En posesión así de los dos primeros términos del ser, Don Juan rechaza el tercero, lo general. He aquí que aparece en su lugar el "malvado infinito", del que hablaba Hegel, la infinitud del ahora y siempre. Ésta precipita a Don Juan en la nada, así como transforma en nada todo aquello que es simple repetición de sí, ciega rotación. Ya no es necesaria la condena moral de la sociedad, ni siquiera la religiosa del cielo, que invocan Sganarello, o el papá de Don Juan, o la misma Elvira. Es condenado por el simple hecho de haber caído en el "malvado infinito" de las determinaciones. Y si esta desventura del ser, de caer en el "malvado infinito", puede pertenecer, en el fondo, también a las cosas inanimadas o a los seres inferiores, aquello que distingue a Don Juan, como una particularidad de veras característica del hombre, es la culpabilidad: no tanto la culpabilidad de contravenir las leyes terrenas o celestiales, o sea un general determinado, sino aquella de repudiar lo general como tal.

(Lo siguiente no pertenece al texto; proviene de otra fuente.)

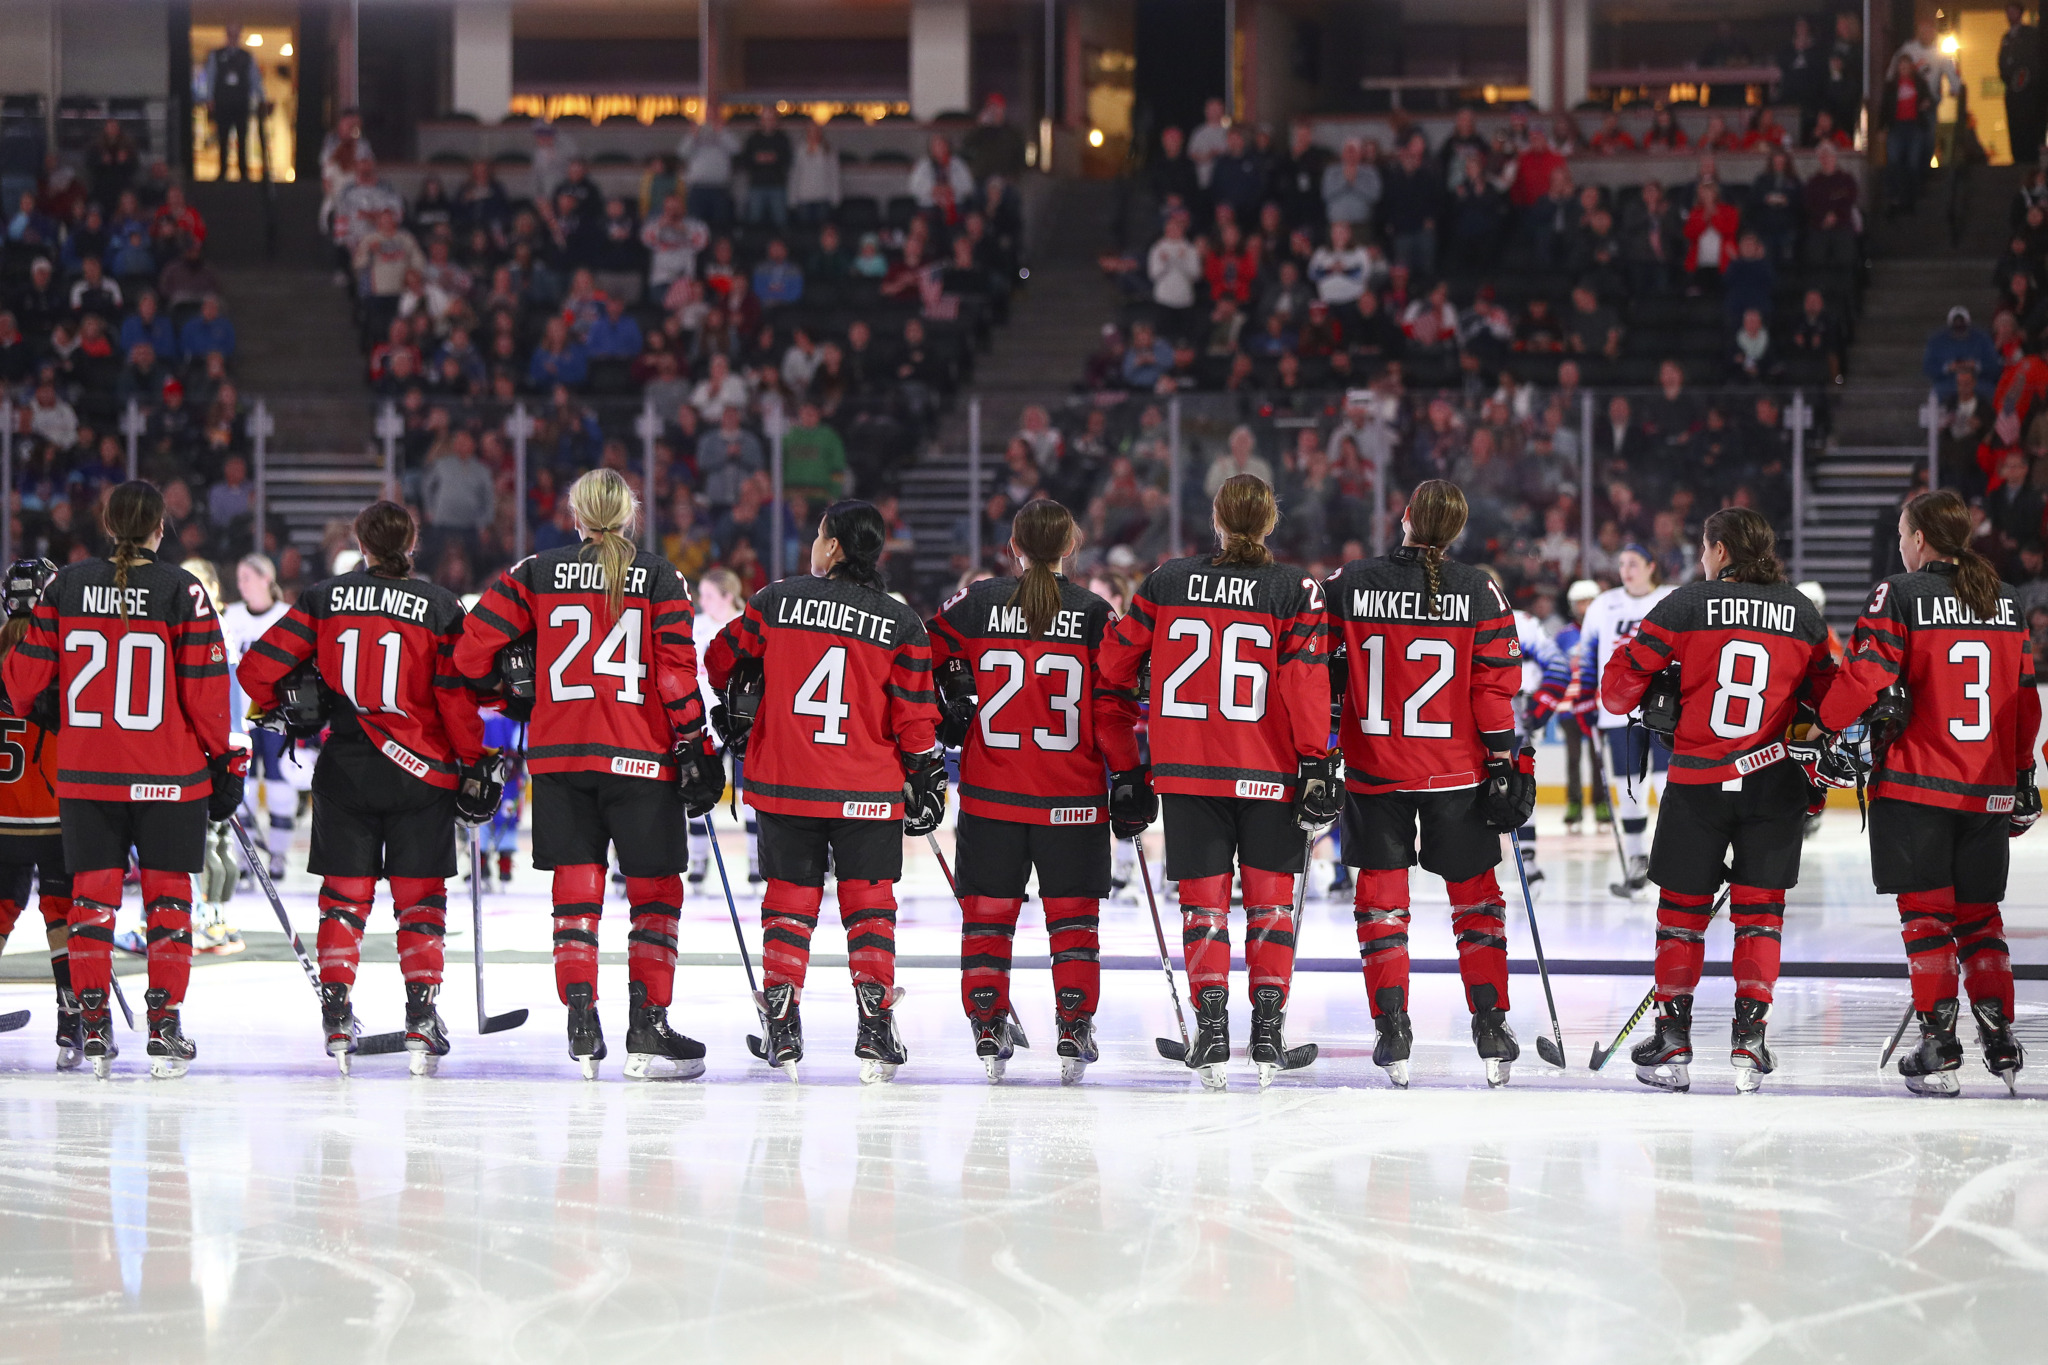 Live from the Calgary Bubble, Complete Coverage of the 2021 IIHF WOMENS WORLD CHAMPIONSHIP Begins August 20 on TSN

En Molière es interesante el hecho de que, a diferencia de sus predecesores españoles o italianos, que ponían el acento en el castigo divino, él parece querer decir esto. Por otra parte toda la obra –después de la presentación del héroe– se concentra en la confrontación con este general inerte, de piedra. Don Juan queda descrito en su última hora, cuando el mecanismo de las determinaciones, a falta de lo general, rompe incluso eso. En vez de continuar gozando de los "pequeños progresos" de la conquista, como había dicho, y ejercitarlos con sutil arte sobre casos escogidos, el héroe sólo conquista simples jovenzuelas campesinas, con el medio más rudimentario y carente de matices: la solicitud de matrimonio. Tal vez usando medios más refinados habría podido seguir fascinando a un criado como Sganarello, que en cambio se exaspera por el desorden simple y puro, no compensado nunca siquiera por el refinamiento del sacrilegio, ni tampoco por el placer consumado. Y el desorden de Don Juan se refleja de lleno en el desorden de los discursos que le suelta Sgaranello que ahora querría desesperadamente devolverlo al buen camino.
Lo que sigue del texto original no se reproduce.